(Fordham News profiled incoming freshmen breaking new ground as the first in their families to go to college.)
In his early teens, Tim Cung saw the movie Wall Street, and began watching films focused on the financial industry.
“The movies I saw had a lot of financial jargon, and I started to research the [terminology],” said Cung, a freshman at the Gabelli School of Business who grew up as an only child of immigrant parents.
His curiosity hit a peak when his high school, Brooklyn Tech, began offering finance as a pre-college major. He took courses in accounting, finance, and enrolled in AP economics—which was, coincidentally, taught by an instructor who once worked on Wall Street.

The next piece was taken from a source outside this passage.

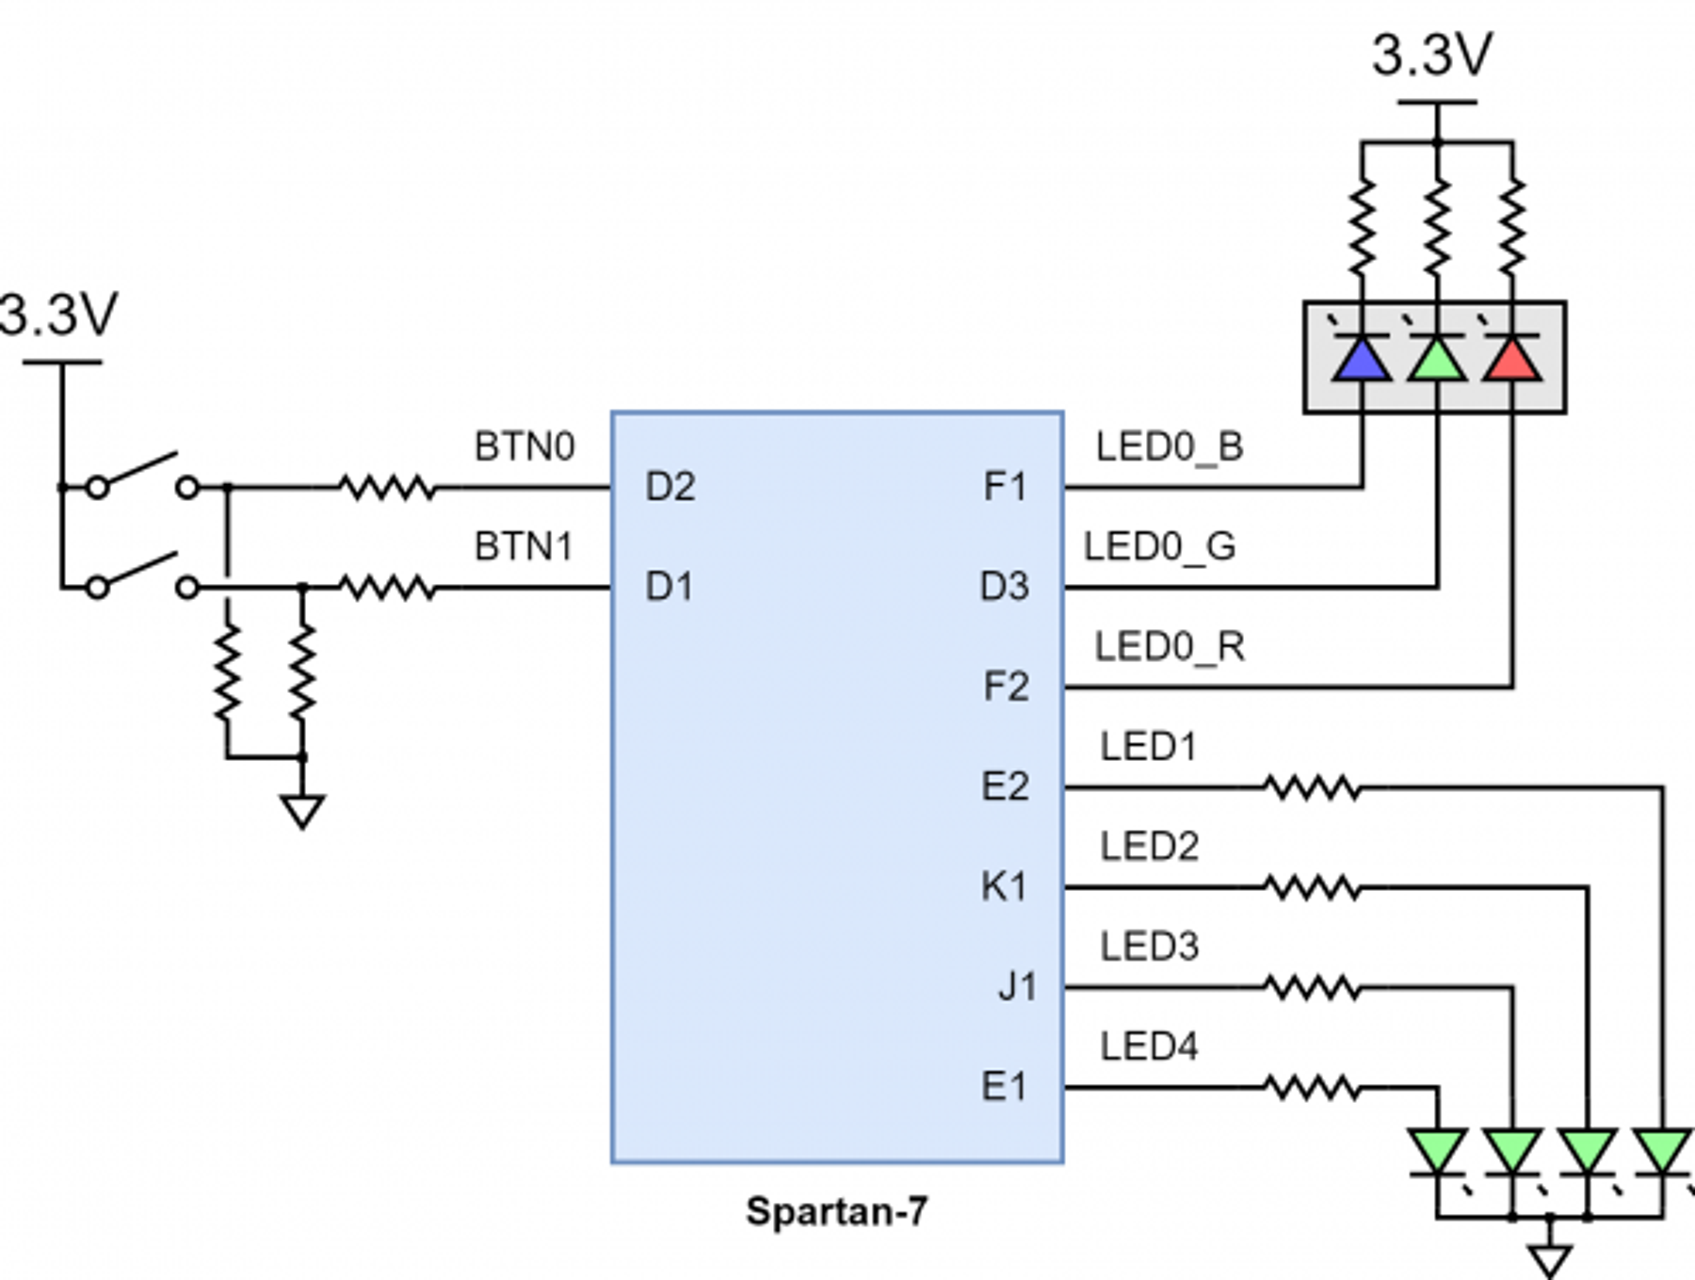 Figure 5.1 PLTW S7 Basic I/O
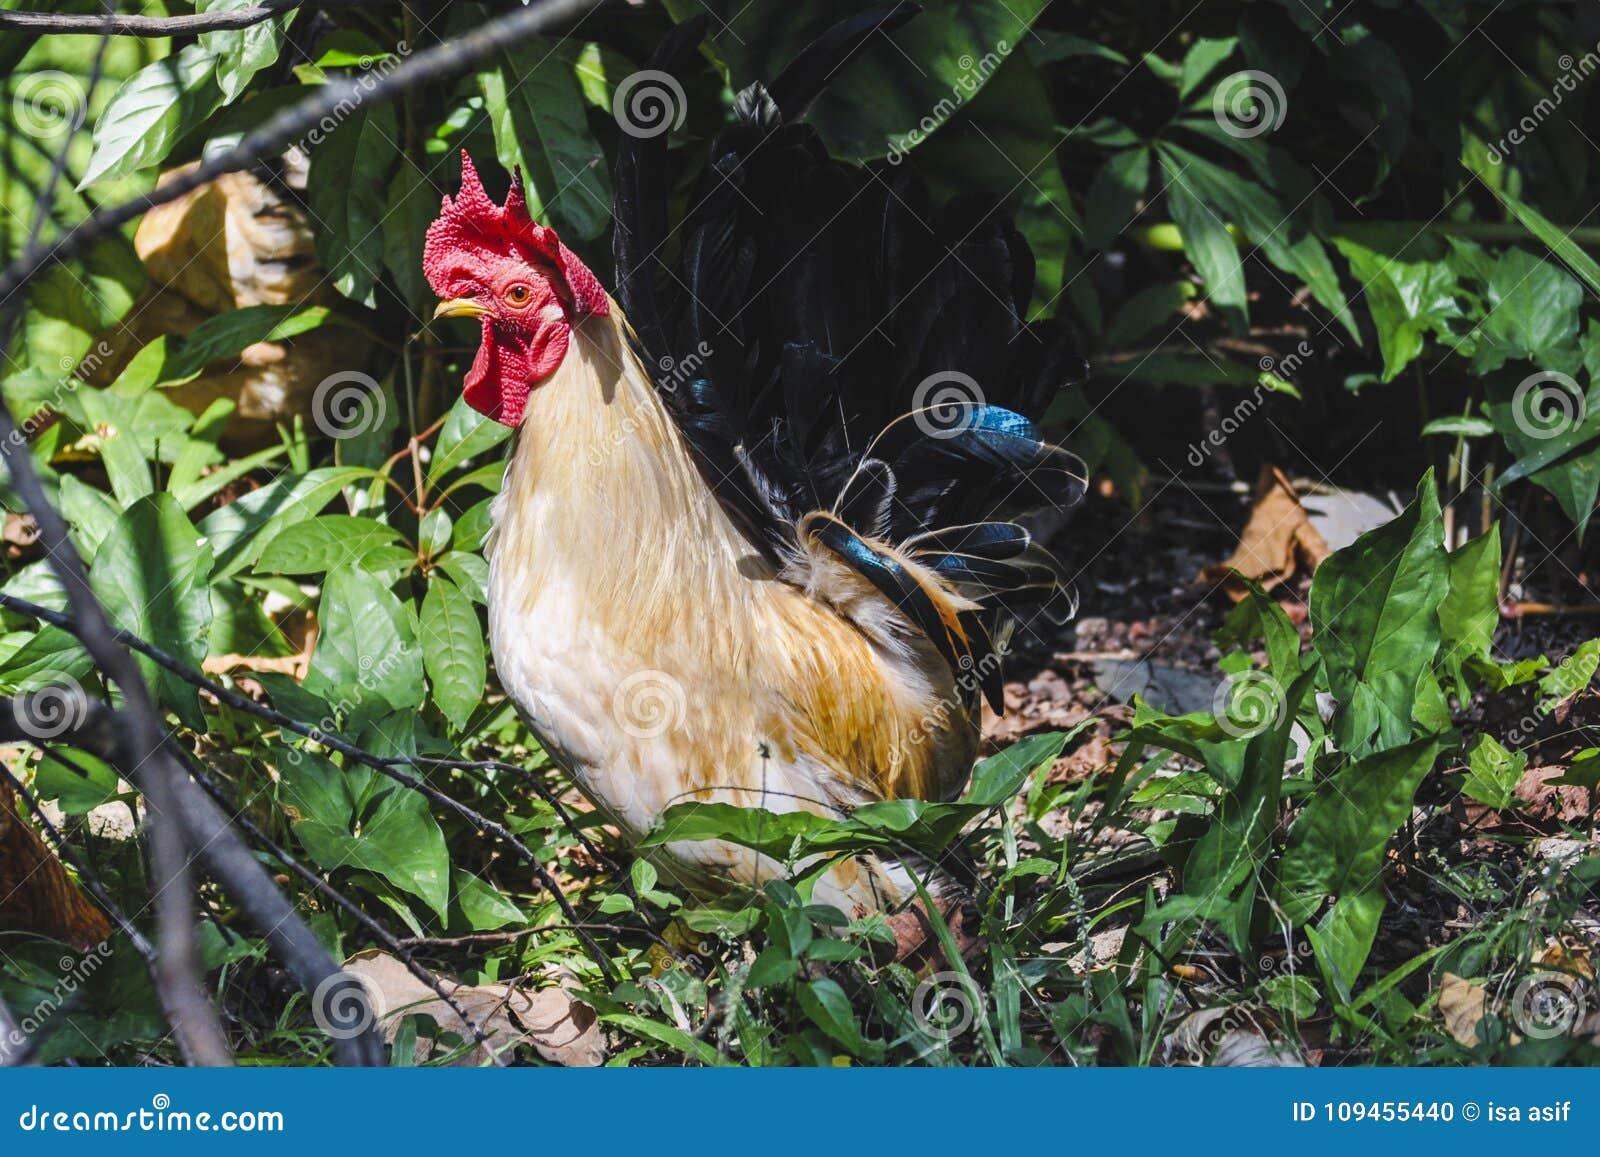 Jugle cock chicken

“Before I took AP economics, I thought [economics]was all about money,” he said. “But it’s actually about resources, and how to allocate them effectively.”
Now, Cung is the first person in his family to attend college, where he plans to study finance.
Cung said his father was born in Vietnam after his grandparents fled China when the communists came into power in the late 1940s. His mother, also of Chinese heritage, was born in Malaysia after her family fled from their homeland. Neither of his parents graduated from high school.
“It’s exciting to be attending college, because I’m venturing into uncharted territories,” he said.
Cung, who grew up on the Lower East Side of Manhattan, said his family “always seemed to be going from place to place to achieve a better life.” Since his parents didn’t understand the American education system, Cung said, he learned how to be self-reliant and independent—as early as elementary school.
“Ever since I started school, my parents said, ‘We’re sorry, we couldn’t provide any aid for you in terms of your education. We can’t help you get awards or fill out paperwork. We’re sorry about that. You’re going to have to learn to take care of those matters by yourself.’”
As Cung enters his first year at Fordham, which he said was made possible through a scholarship and a generous aid package from the University, he is determined to accomplish his goals.
“Being a first generation student means that I’m in pursuit of the American dream,” he said.
“It’s all about providing a better future for our families and for ourselves.”